Bearbeitet von rt1970, 16. Juni 2016 - 09:39.


#2 NorbertFe

NorbertFe

    Expert Member

  • 30.833 Beiträge

 

Geschrieben 16. Juni 2016 - 09:54

Kurzer Blick in die heutigen Threads...
http://www.mcseboard...7529-kb3159398/

http://www.mcseboard...t-mehr-möglich/

Make something i***-proof and they will build a better i***.


#3 rt1970

rt1970

    Member

  • 295 Beiträge

 

Geschrieben 16. Juni 2016 - 10:09

Oh man.... Peinlich! Hab ich im falschen Thema nachgesehen...

 

Also MUSS im Sicherheitsfilter die "Authentifizierter User" rein?

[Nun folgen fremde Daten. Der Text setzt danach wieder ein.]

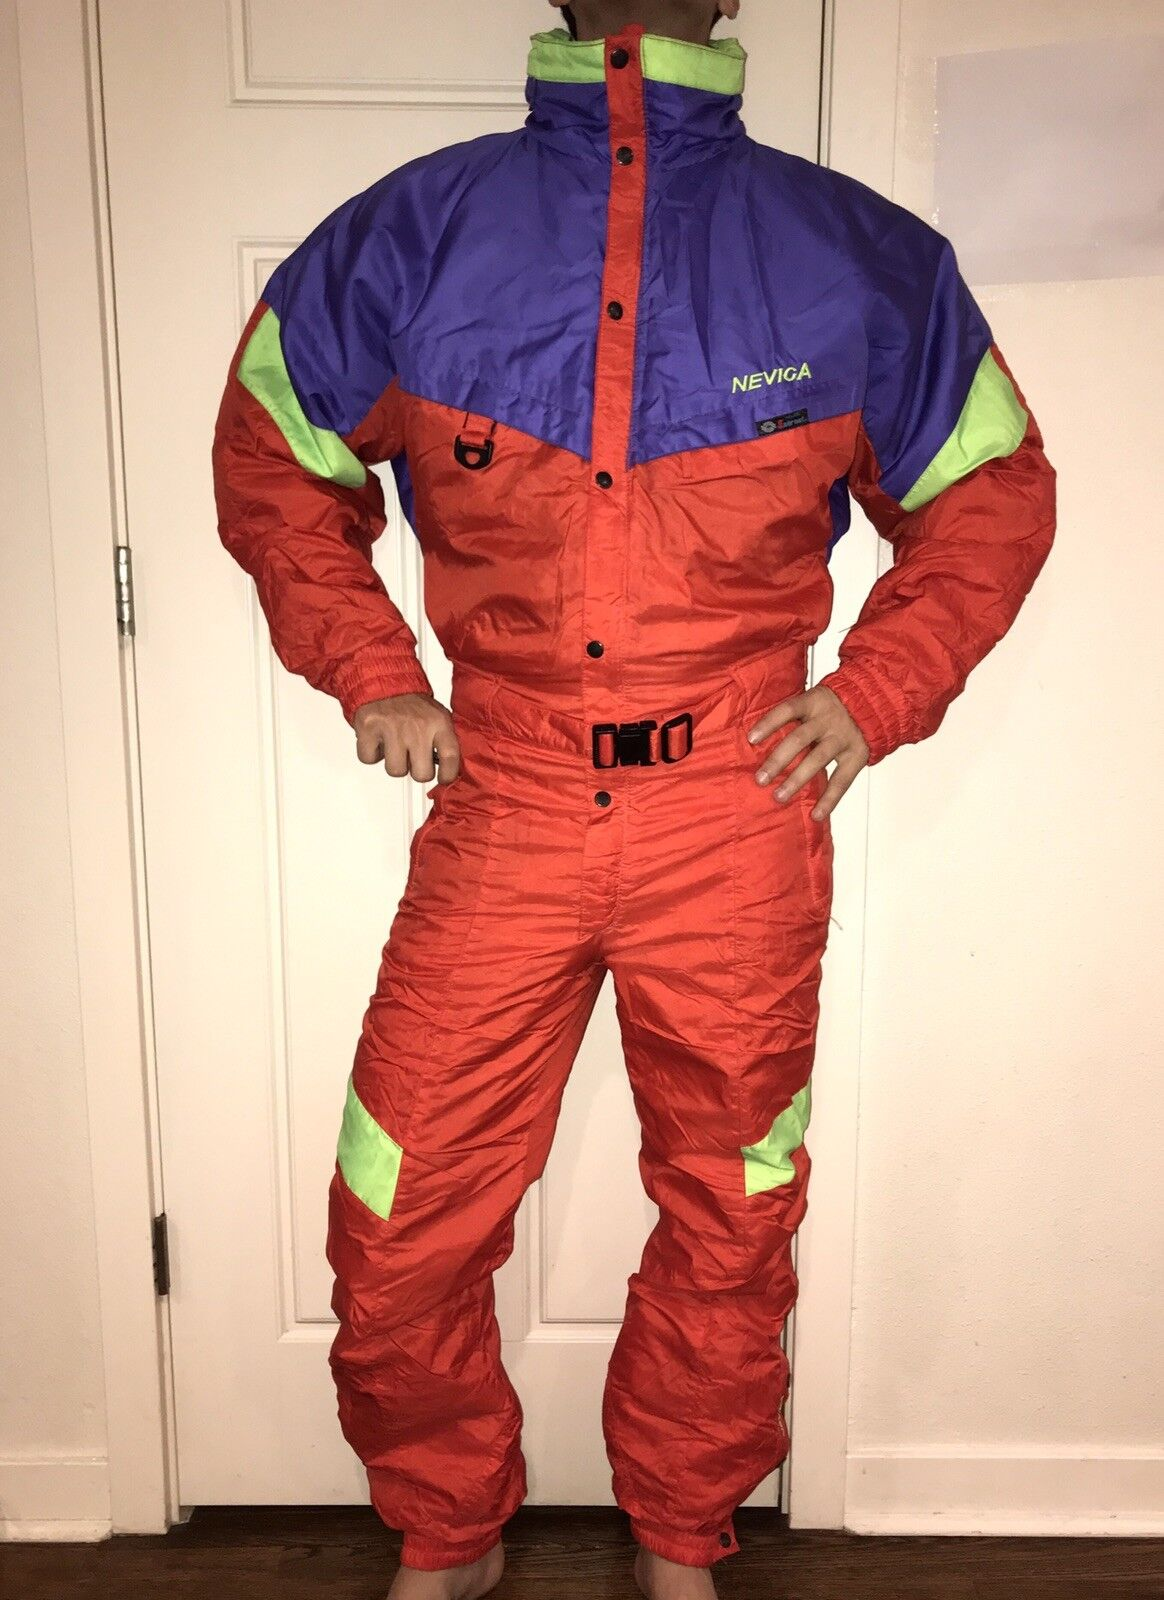 Vtg arancia 80s 90s arancia Vtg NEVICA Uomo Medium One Piece SKI SUIT Snow Bib Snowsuit 40 M f9c6cb
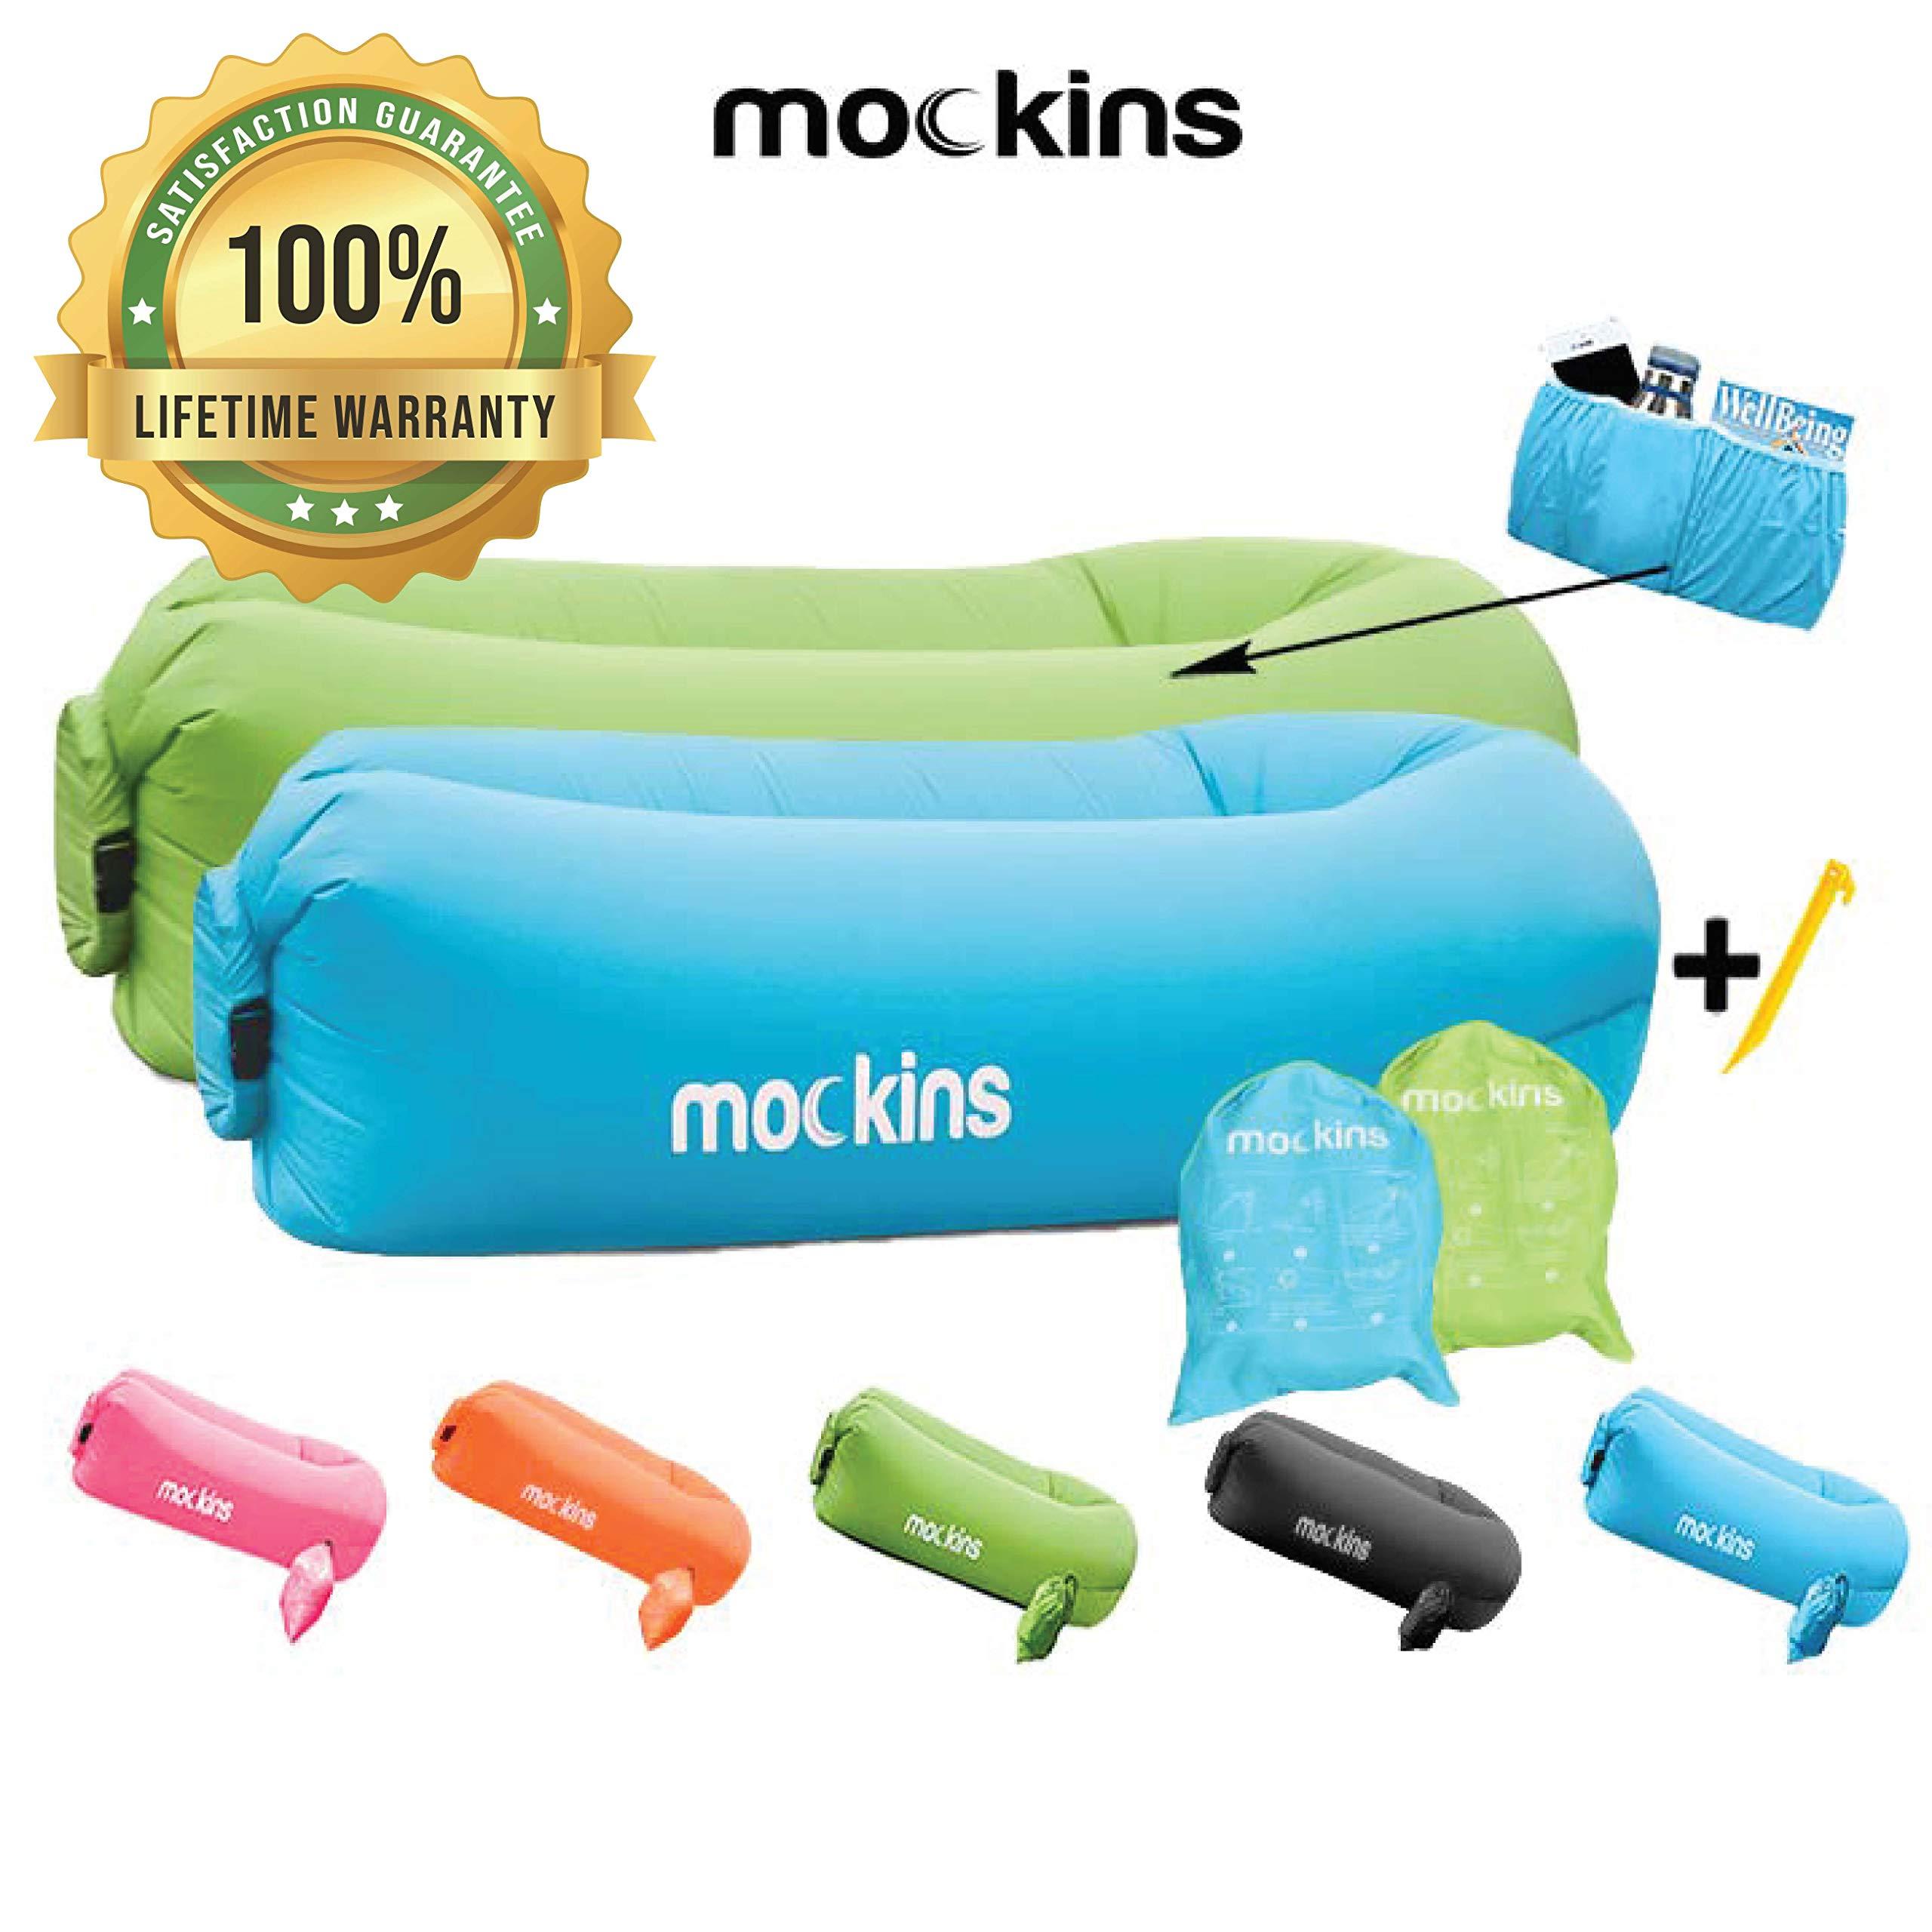 Mockins Inflatable Portable Festivals Accessories

Und unter Delegierung dann die Usergruppe?

 

Oder verstehe ich da was falsch?



#4 NorbertFe

NorbertFe

    Expert Member

  • 30.833 Beiträge

 

Geschrieben 16. Juni 2016 - 10:09

Ja, das verstehst du nicht falsch. ;)

Make something i***-proof and they will build a better i***.


#5 rt1970

rt1970

    Member

  • 295 Beiträge

 

Geschrieben 16. Juni 2016 - 10:21

@NorbertFe

:D

 

Geht aber nicht... Wenn ich die "authentifizierten User" aus der Delegierung löschen will, sind sie auch im Sicherheitsfilter raus :(

Wie kann ich nun die Richtlinie nur bestimmten Usern/Gruppen zuweisen???

 

Ach gefunden!

Falsch herum gedacht!

"Betroffen sind wohl Benutzer-GPOs die einen Sicherheitsfilter haben. Workarround ist die Gruppe Authentifizierte Benutzer in die Delegierung (nicht beim Sicherheitsfilter!) mit Lesen-Recht hinzuzufügen."

von

http://www.mcseboard...8/#entry1305493


Bearbeitet von rt1970, 16. Juni 2016 - 10:28.


#6 Schweizerin

Schweizerin

    Junior Member

  • 114 Beiträge

 

Geschrieben 16. Juni 2016 - 10:27

Ja, das verstehst du nicht falsch. ;)

 

Dann habe ich es wohl falsch verstanden.

 

1. Bei Security-filtering steht "Authenticated Users" mit lesen drin. (war schon immer so)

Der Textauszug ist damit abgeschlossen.